Konishi Tomokazu
Faculty of Bioresource Sciences, Akita Prefectural University, Akita 010-0195, Japan.
BMC Bioinformatics. 2004 Jan 13;5:5. doi: 10.1186/1471-2105-5-5.
To cancel experimental variations, microarray data must be normalized prior to analysis. Where an appropriate model for statistical data distribution is available, a parametric method can normalize a group of data sets that have common distributions. Although such models have been proposed for microarray data, they have not always fit the distribution of real data and thus have been inappropriate for normalization. Consequently, microarray data in most cases have been normalized with non-parametric methods that adjust data in a pair-wise manner.
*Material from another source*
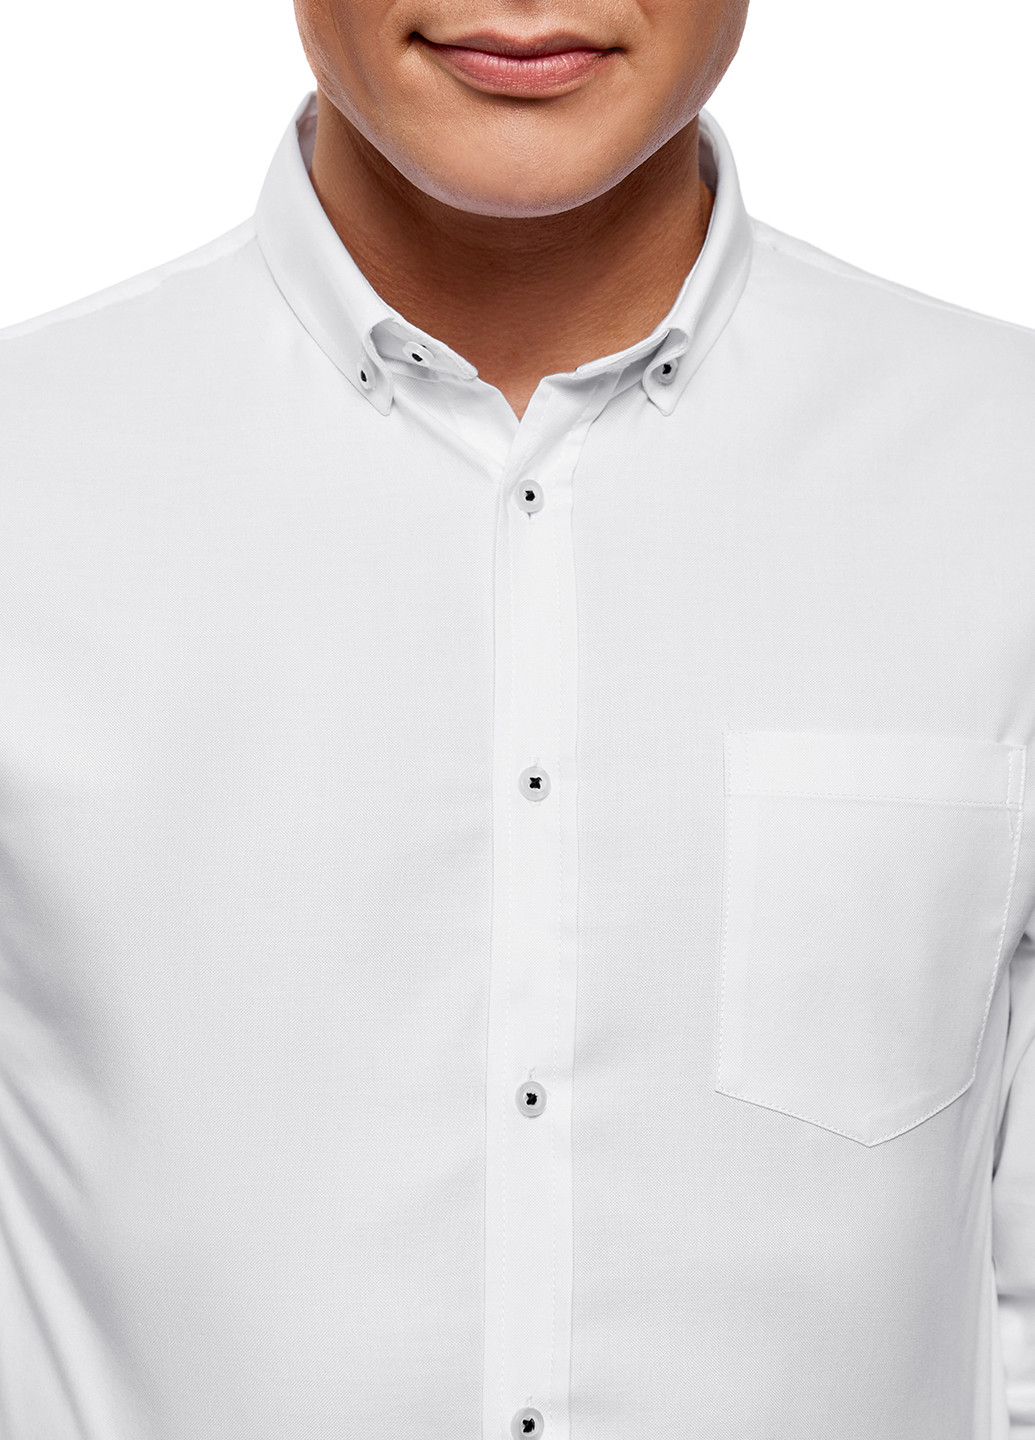 Белая классическая рубашка Oodji с длинным рукавом
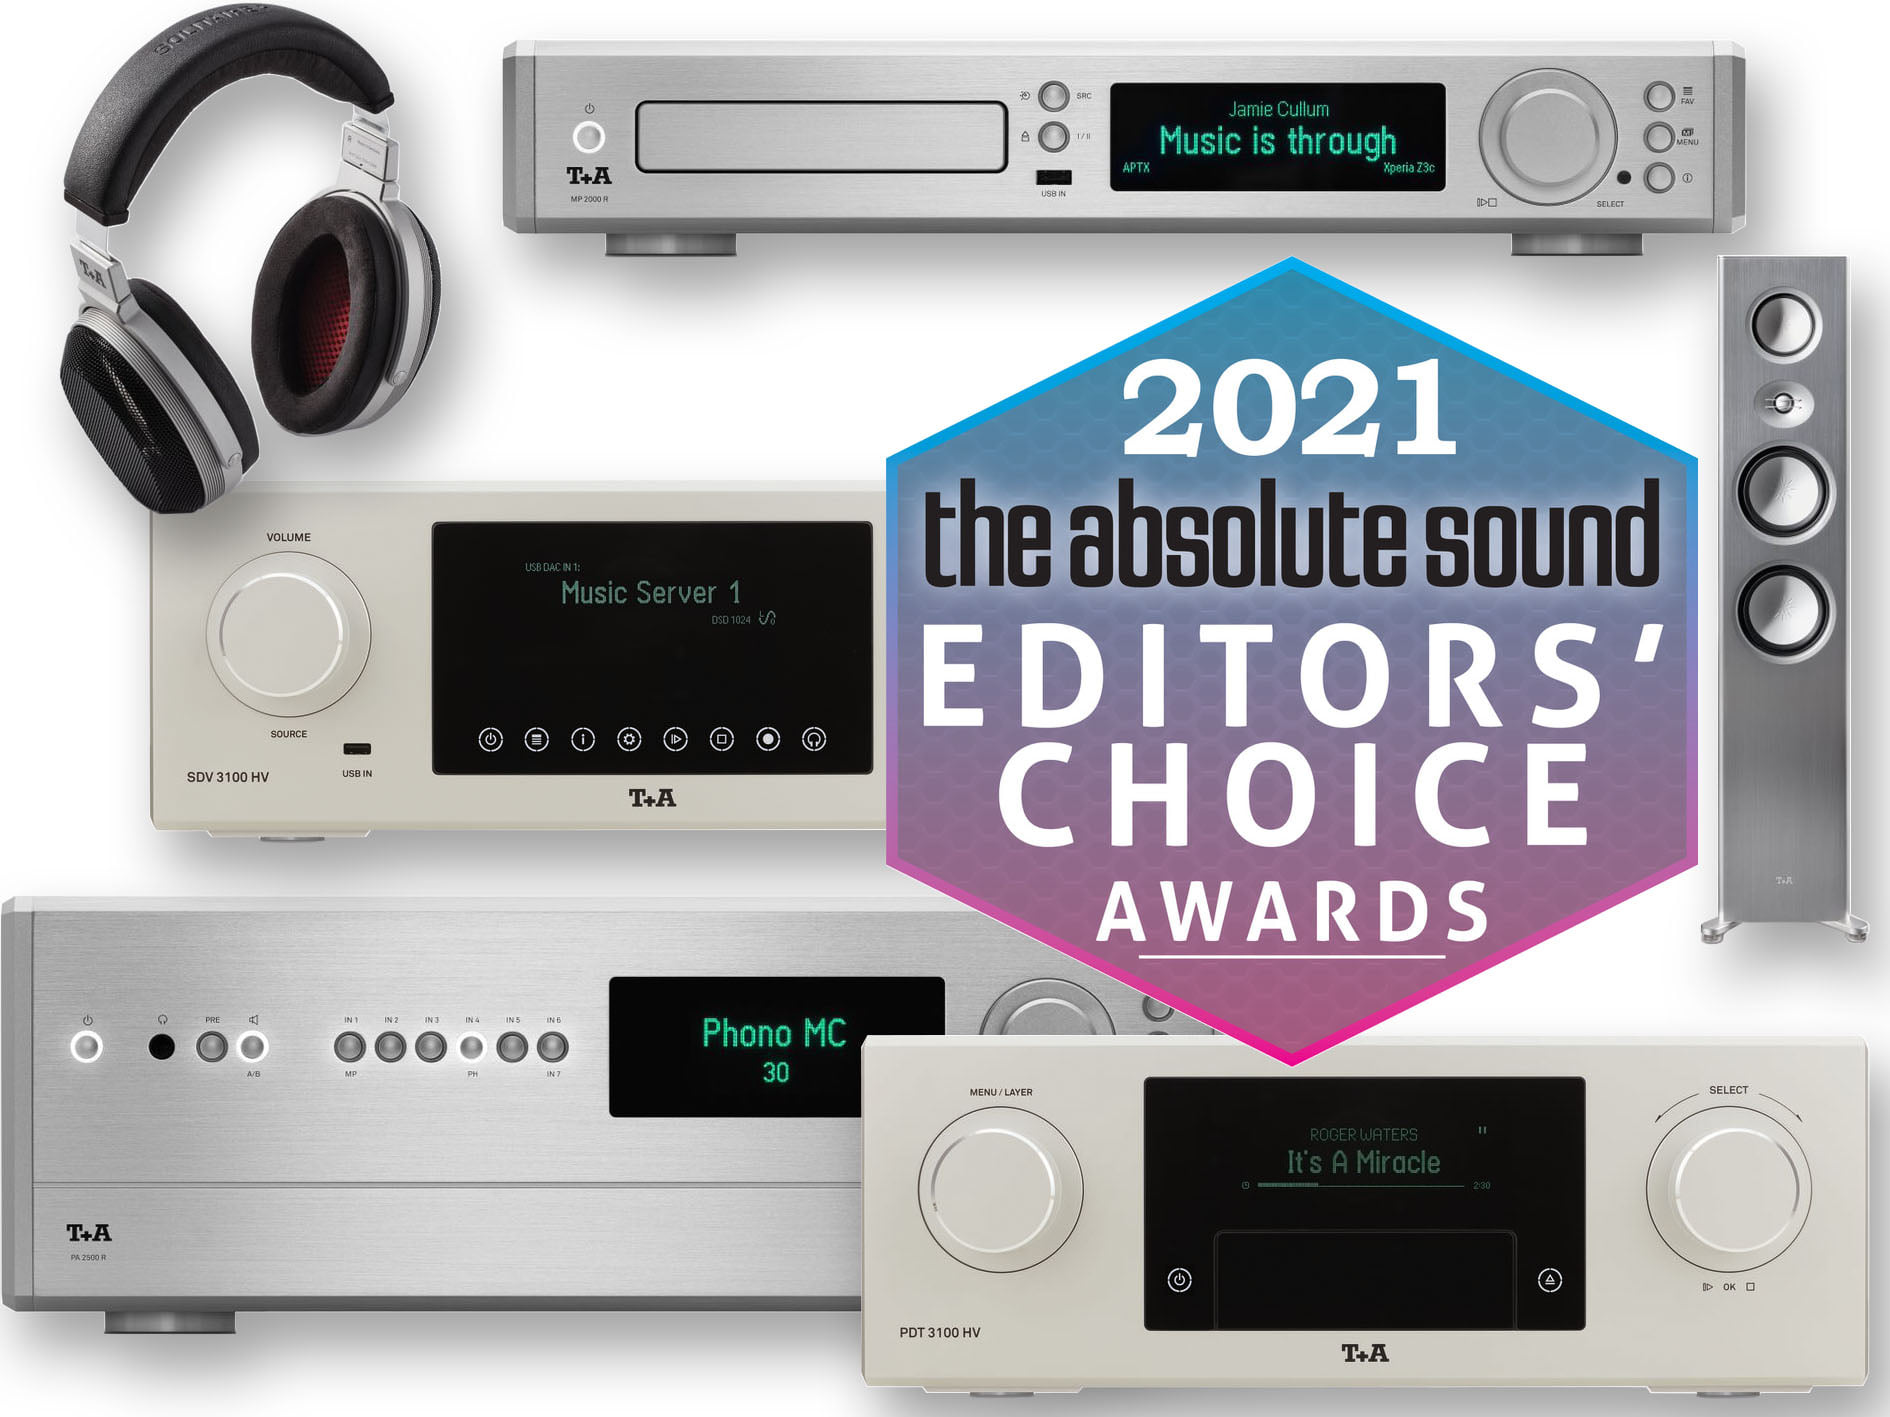 коллекция трофеев немецкого производителя Т+А была пополнена шестью наградами «Выбор редакции» издания The Absolute Sound

However, data analysis and the integration of resultant knowledge among experiments have been difficult, since such normalization concepts lack a universal standard.
A three-parameter lognormal distribution model was tested on over 300 sets of microarray data. The model treats the hybridization background, which is difficult to identify from images of hybridization, as one of the parameters. A rigorous coincidence of the model to data sets was found, proving the model's appropriateness for microarray data. In fact, a closer fitting to Northern analysis was obtained. The model showed inconsistency only at very strong or weak data intensities. Measurement of z-scores as well as calculated ratios was reproducible only among data in the model-consistent intensity range; also, the ratios were independent of signal intensity at the corresponding range.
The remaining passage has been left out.